> _WHAT TO PRODUCE_
Pictures left aside, return the lines below exactly, from the one with "Vintage Inspired Glasses" to the end, including both ends.

> _THE DATA_
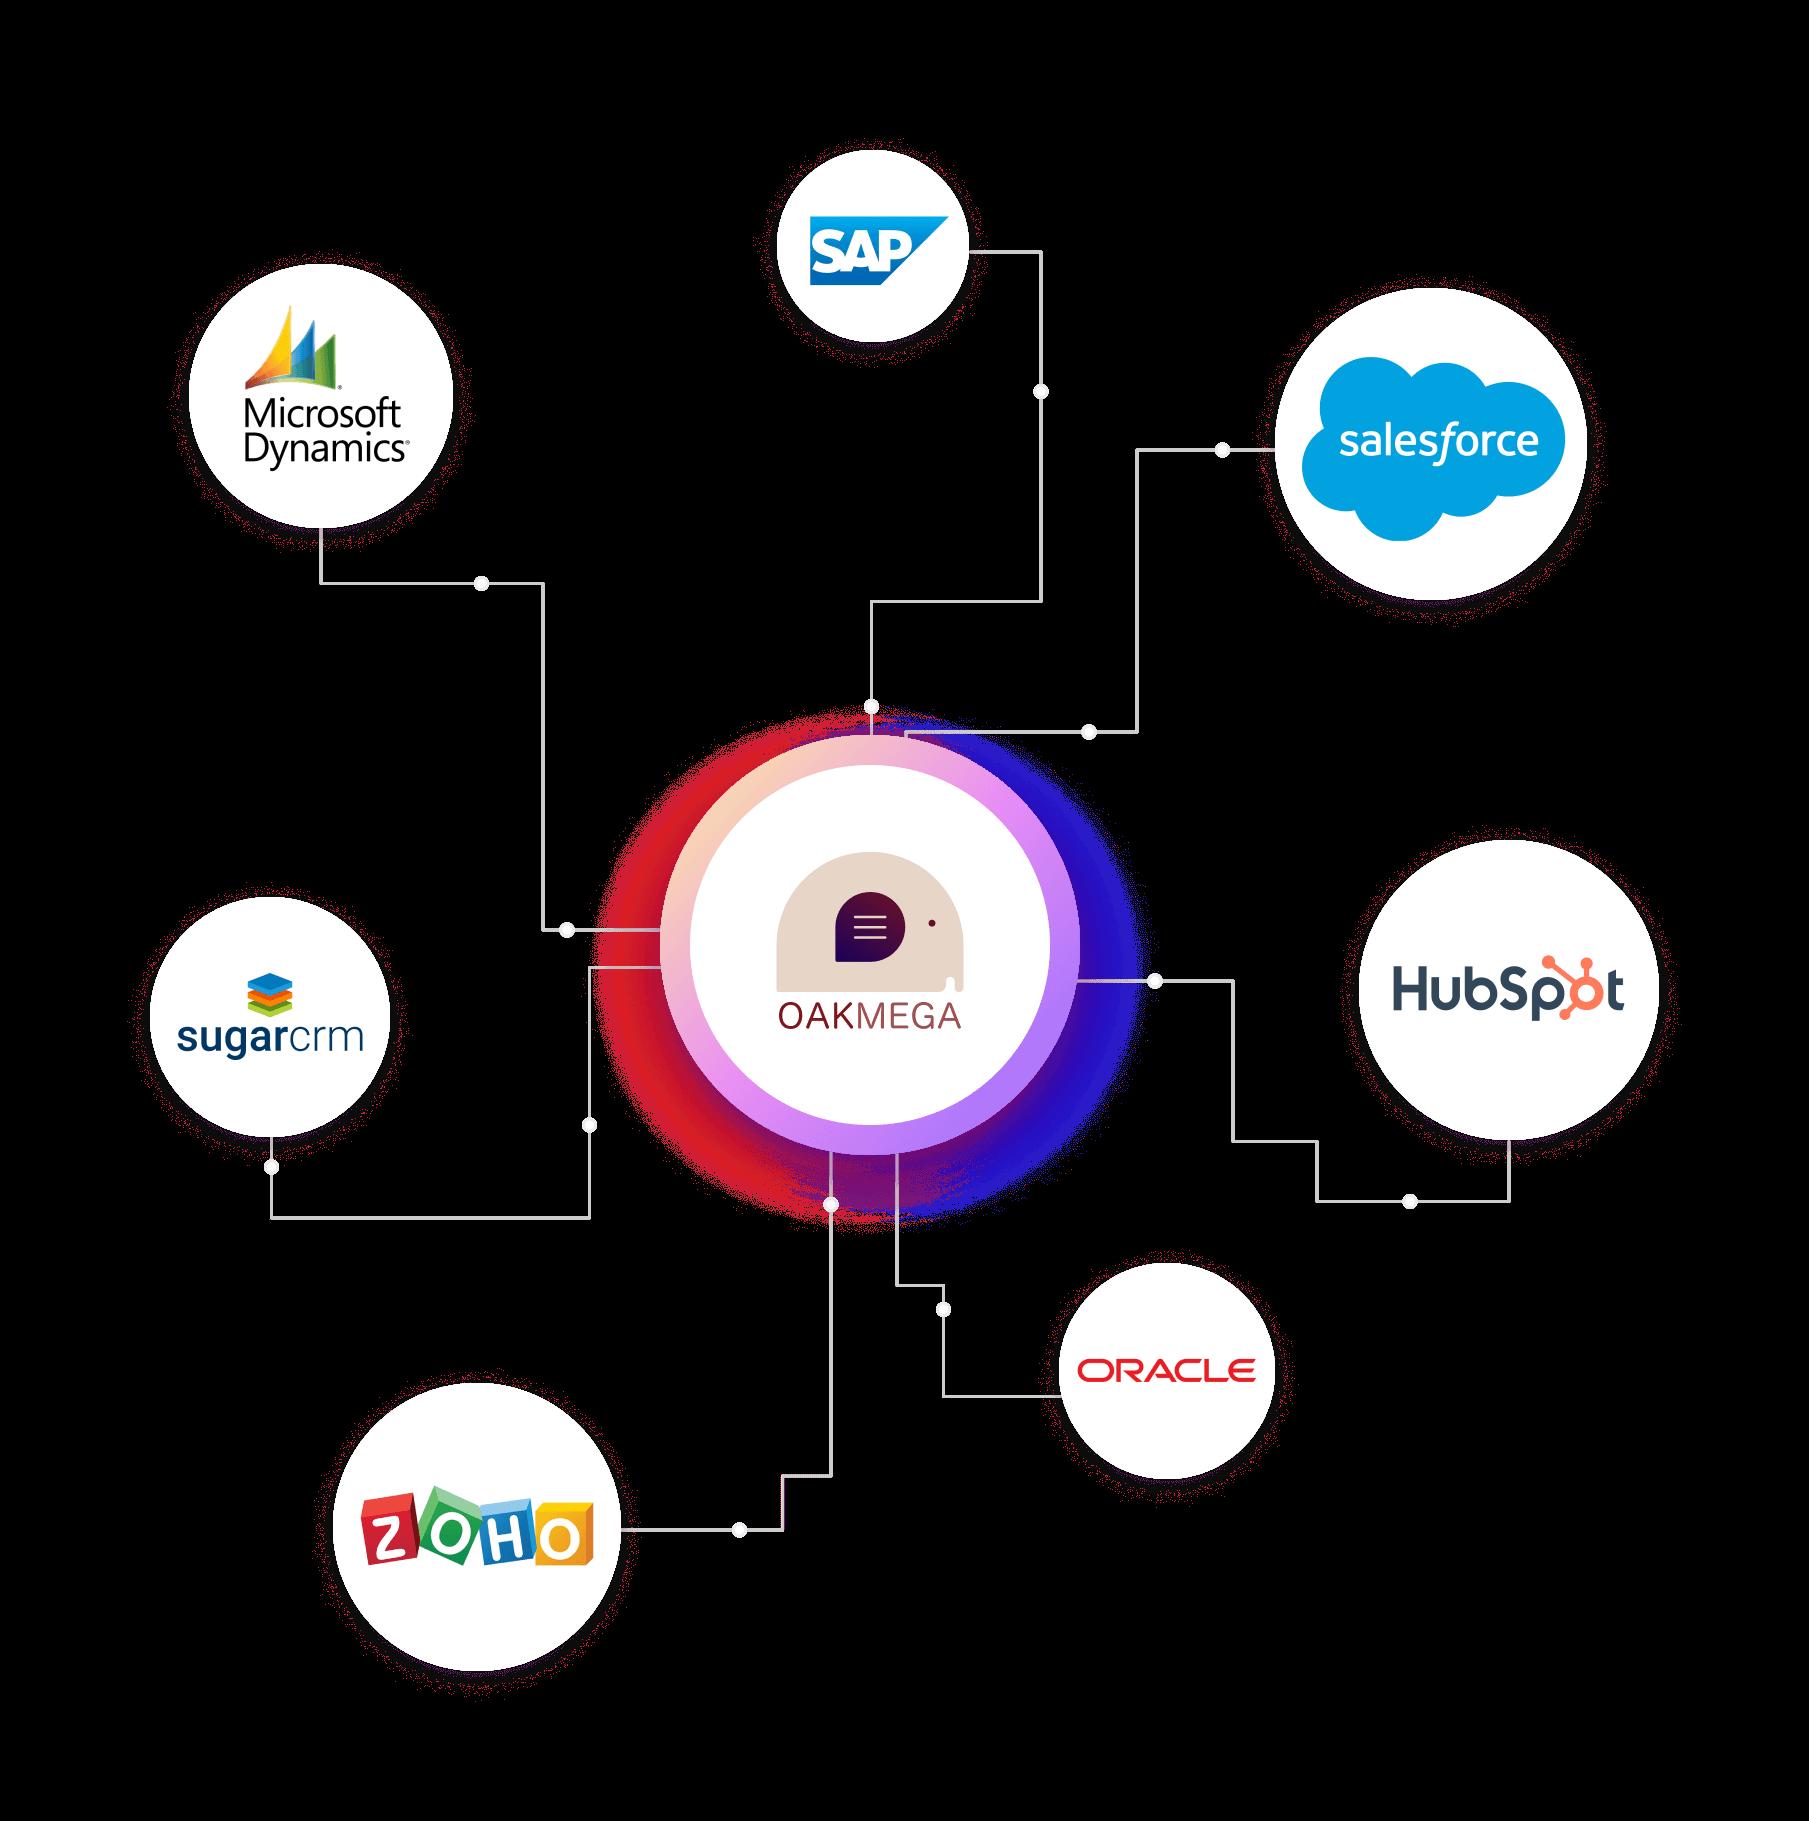 OakMega 能整合 Salesforce, HubSpot 以及其他眾多 CRM
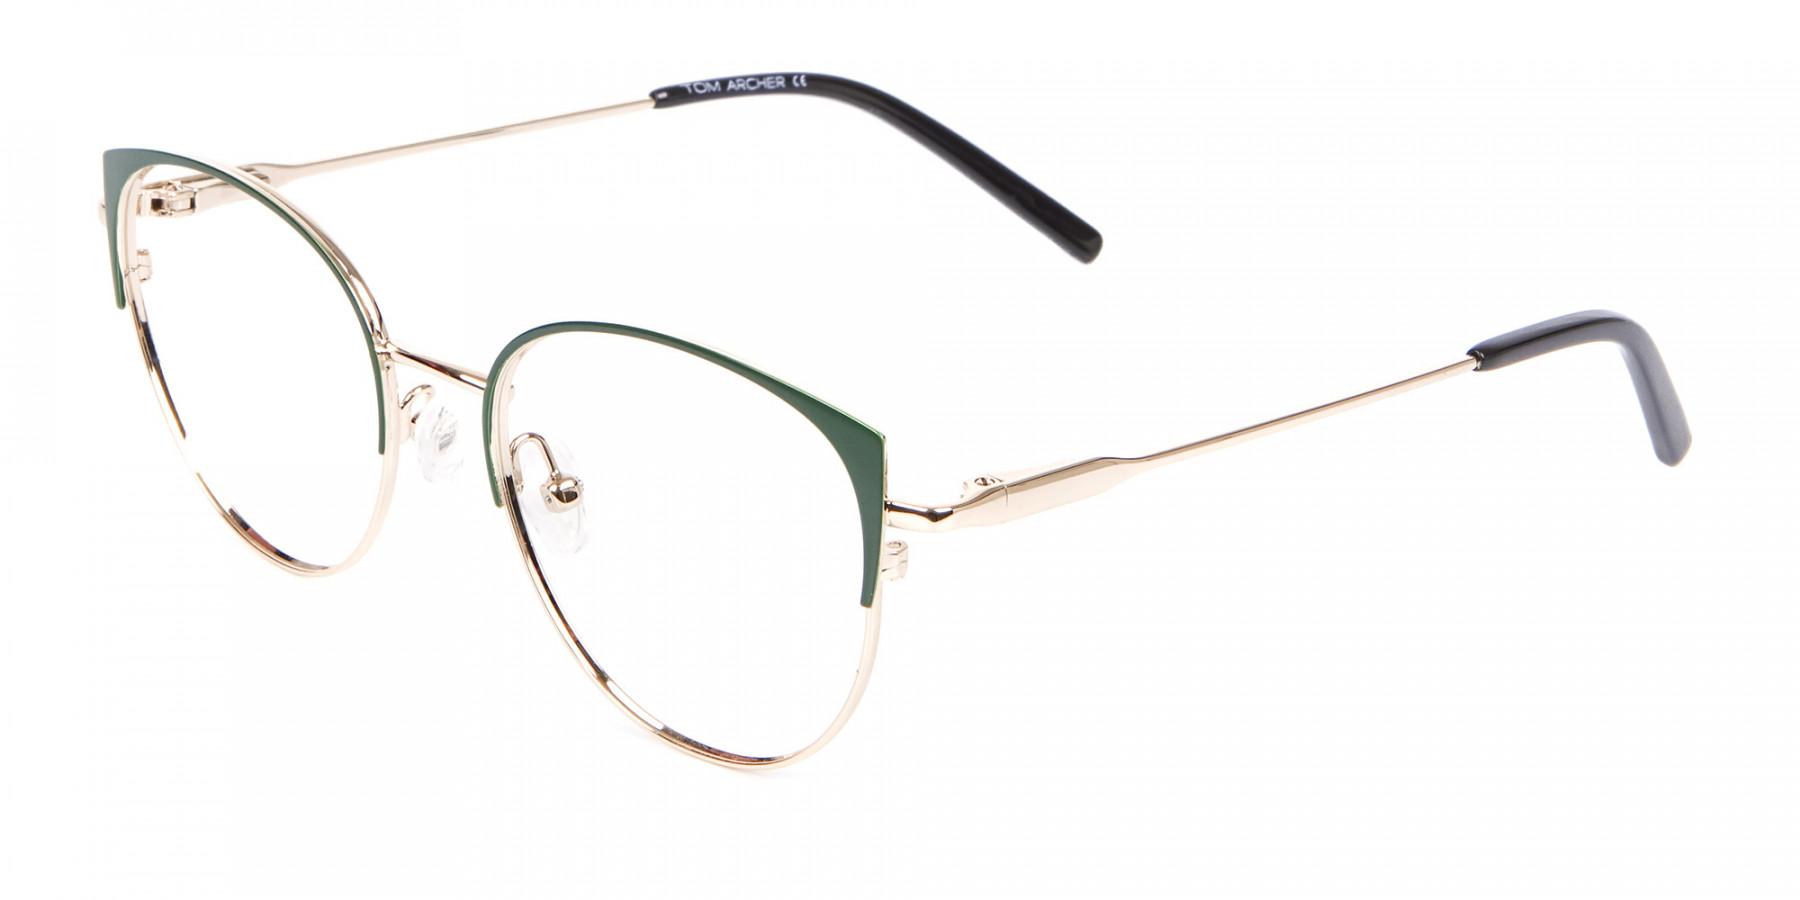 Vintage Inspired Glasses Green and Metal Frame - 1
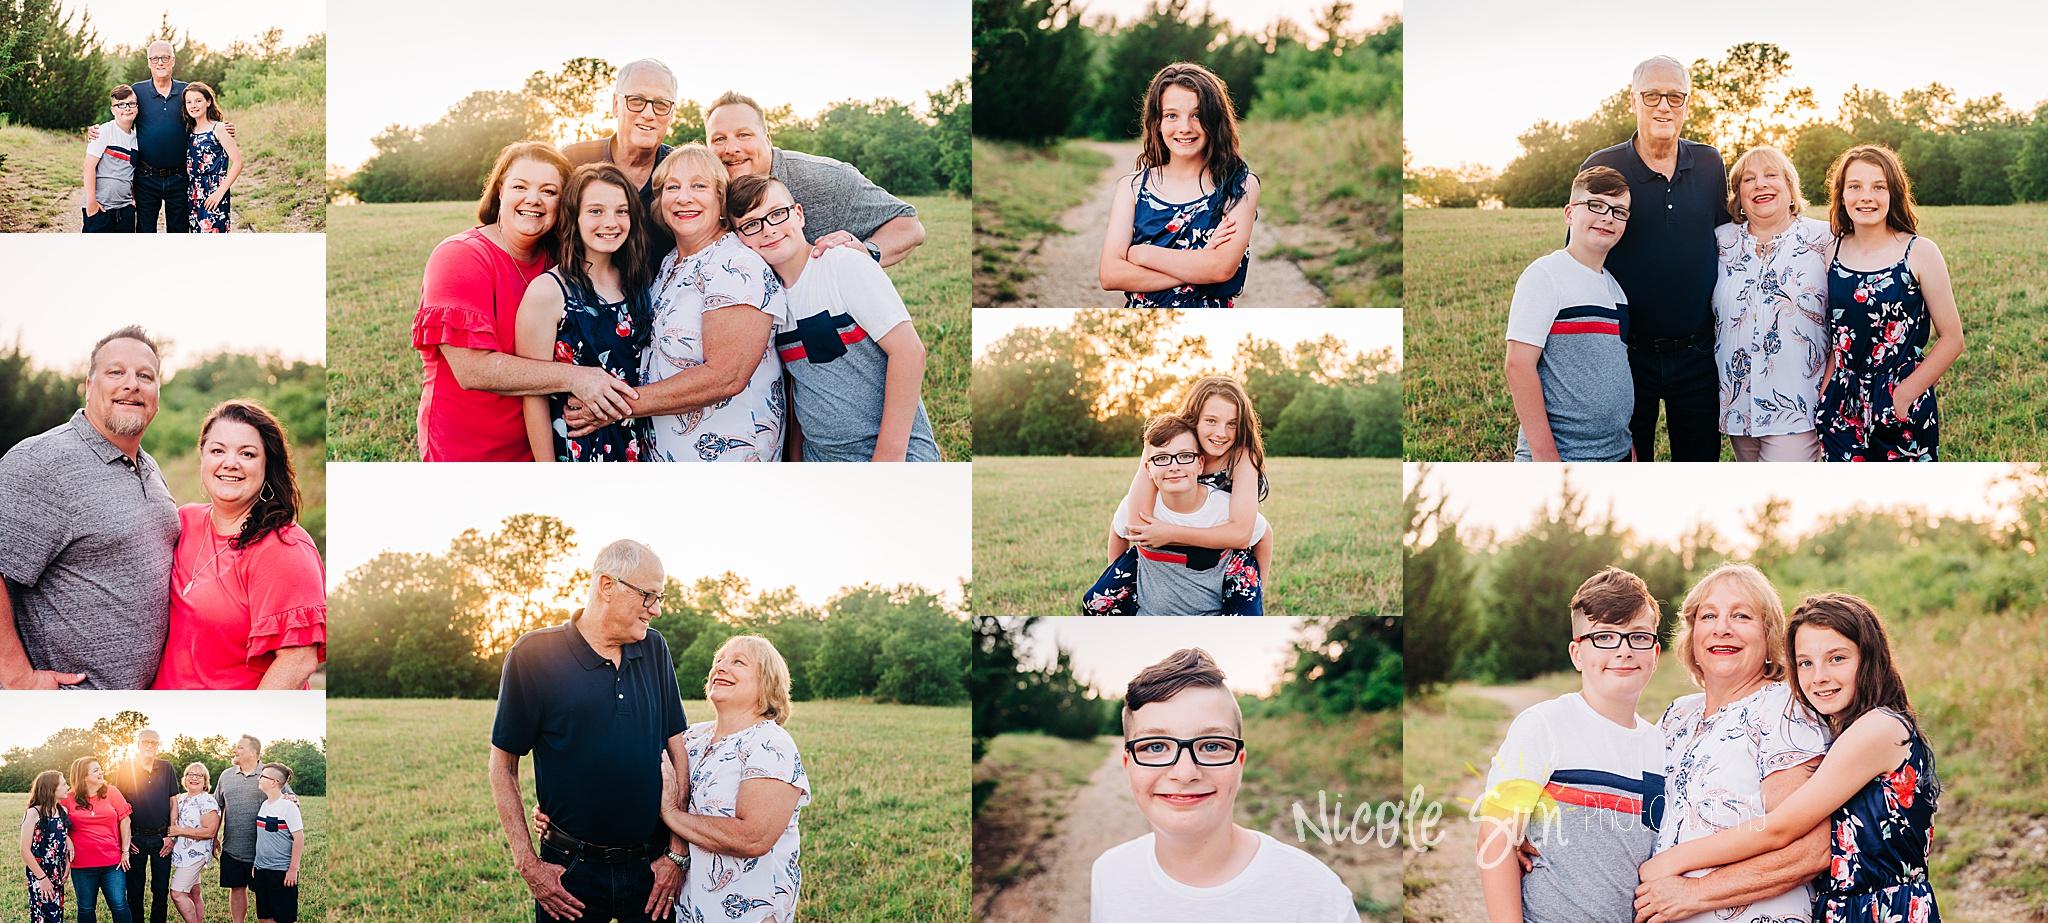 dfwextendedfamilyphotographer.jpg

> _TASK SOLUTION_
 Vintage Inspired Glasses Green and Metal Frame - 1
 dfwextendedfamilyphotographer.jpg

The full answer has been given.